If the data is stored in a directory 'data' underneath the current directory this call would anonymize all images in the data directory (and all sub-directories) using the PatientName/PatientID UUUUUU and the project name MMIV. Dates would be incremented by 42 days and the output would contain different directories for each image series.

docker run --rm -it -v `pwd`/data:/input -v /tmp/:/output anonymizer \
           --input /input --output /output --patientid UUUUUU \
	   --dateincrement 42 --byseries --numthreads 4 \
	   --projectname MMIV

There will be 4 threads running in parallel during the anonymization. This can drastically improve the speed of anonymization for large numbers of DICOM files. Here an example of the range of processing times for 261,000 files (single study) on a 16 core machine:

#threads	time
1	8m6.334s
2	4m22.521s
5	1m58.695s
8	1m31.035s
16	1m18.328s

After anonymization the DICOM tag 0012:0062 (PatientIdentityRemoved) will have the value "YES".

Anonymization rules

The tags that this program will anonymize are described in a JSON file that can be exported from the executable with:

docker run --rm -it anonymizer --exportanon rules.json

The option --tagchange can be used to change the build-in rules. In the help example the placeholder PROJECTNAME is used to store the value of option -j (test) in the tag for InstitutionName (0008,0080). The default rule for this tag specifies that the value is deleted - in our PACS we use that tag to indicate the project name.

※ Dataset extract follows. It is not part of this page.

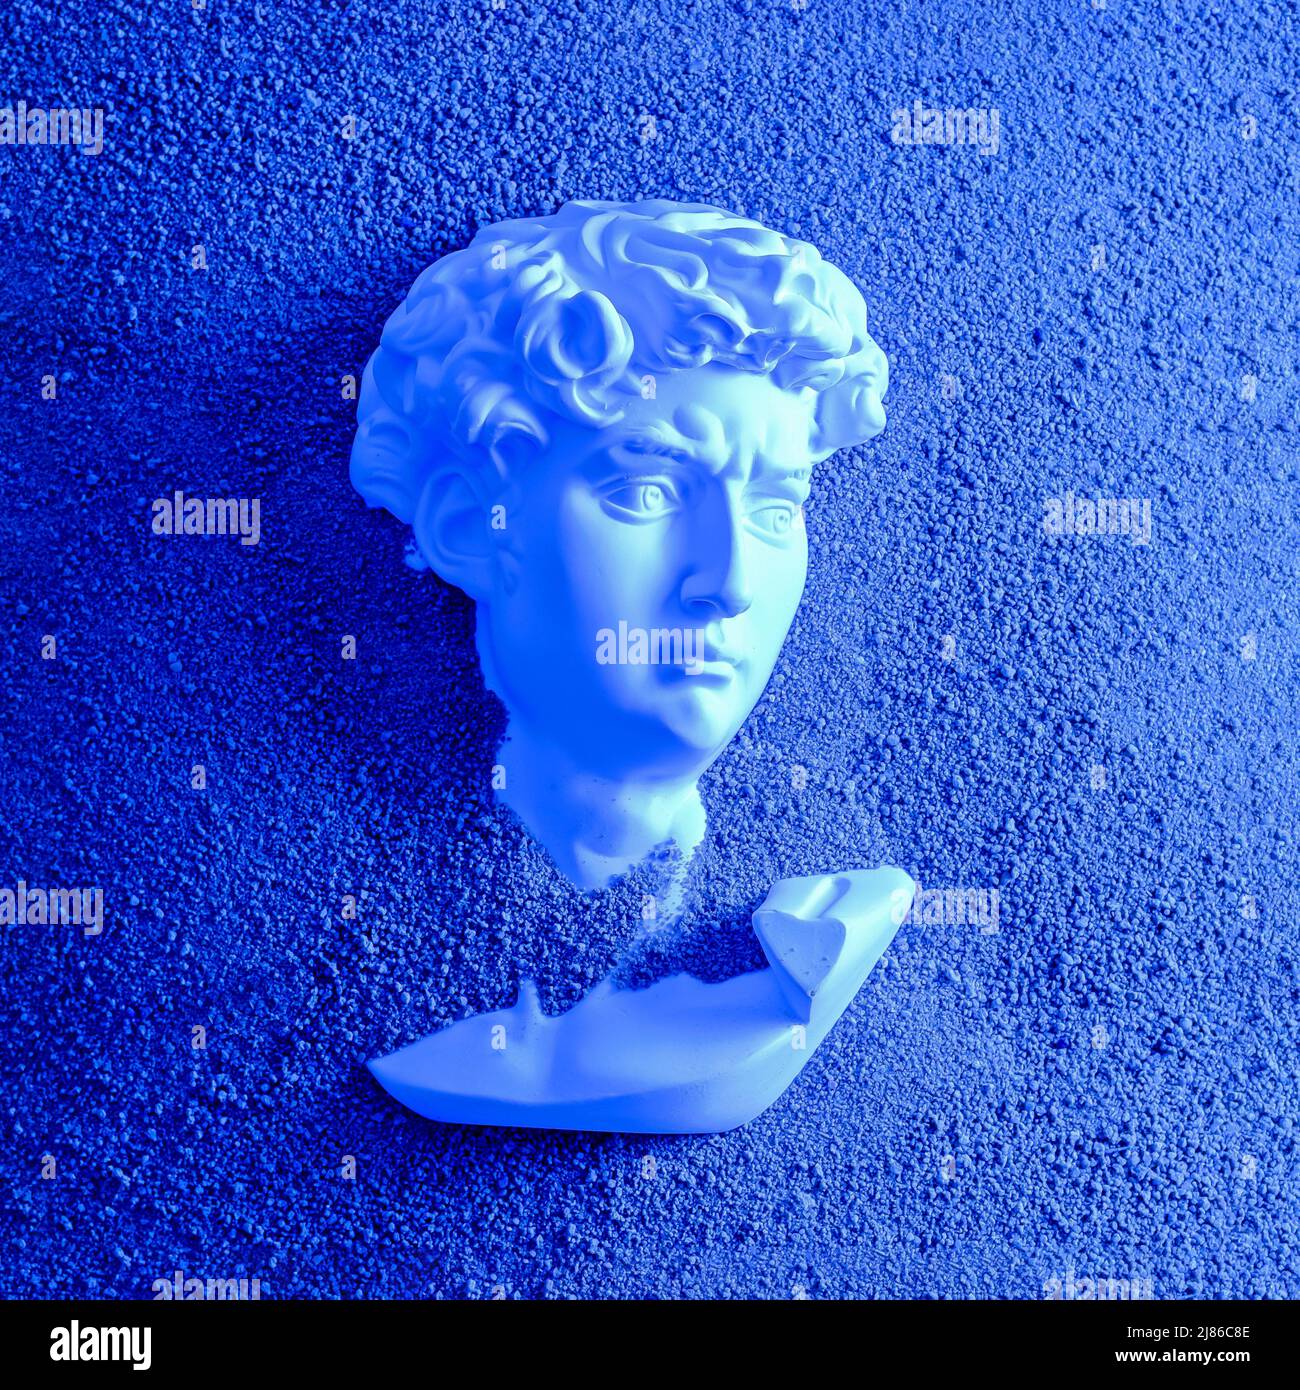 Bust head of David plaster antique in the sand on the beach. Minimal concept of futurism, cyberpunk and vaporway. Stock Photo

It is important to apply the arguments to the program in the correct order. First we set the name of the project and change rule, then we export the rules.

Using data in multiple projects

Our PACS system stores only a single copy per SOPInstanceUID/StudyID - which makes sense. In order to support data that is project specific I changed the hashing algorithm (hashuid+PROJECTNAME) to include the projects name (-j option) for tags that relate to image, series, study and frame of reference uids. This generates full copies of the data, one for each project. Deleting data from one project does not influence the same data used in another project.

Information inside sequences (presentation states) are anonymized as well. This should work as long as the sequence tag is not listed as "remove". The sequence anonymization function will only check tags at two sequence levels (all tags of a sequence inside another sequence are anonymized). This has been verified with text label overlays.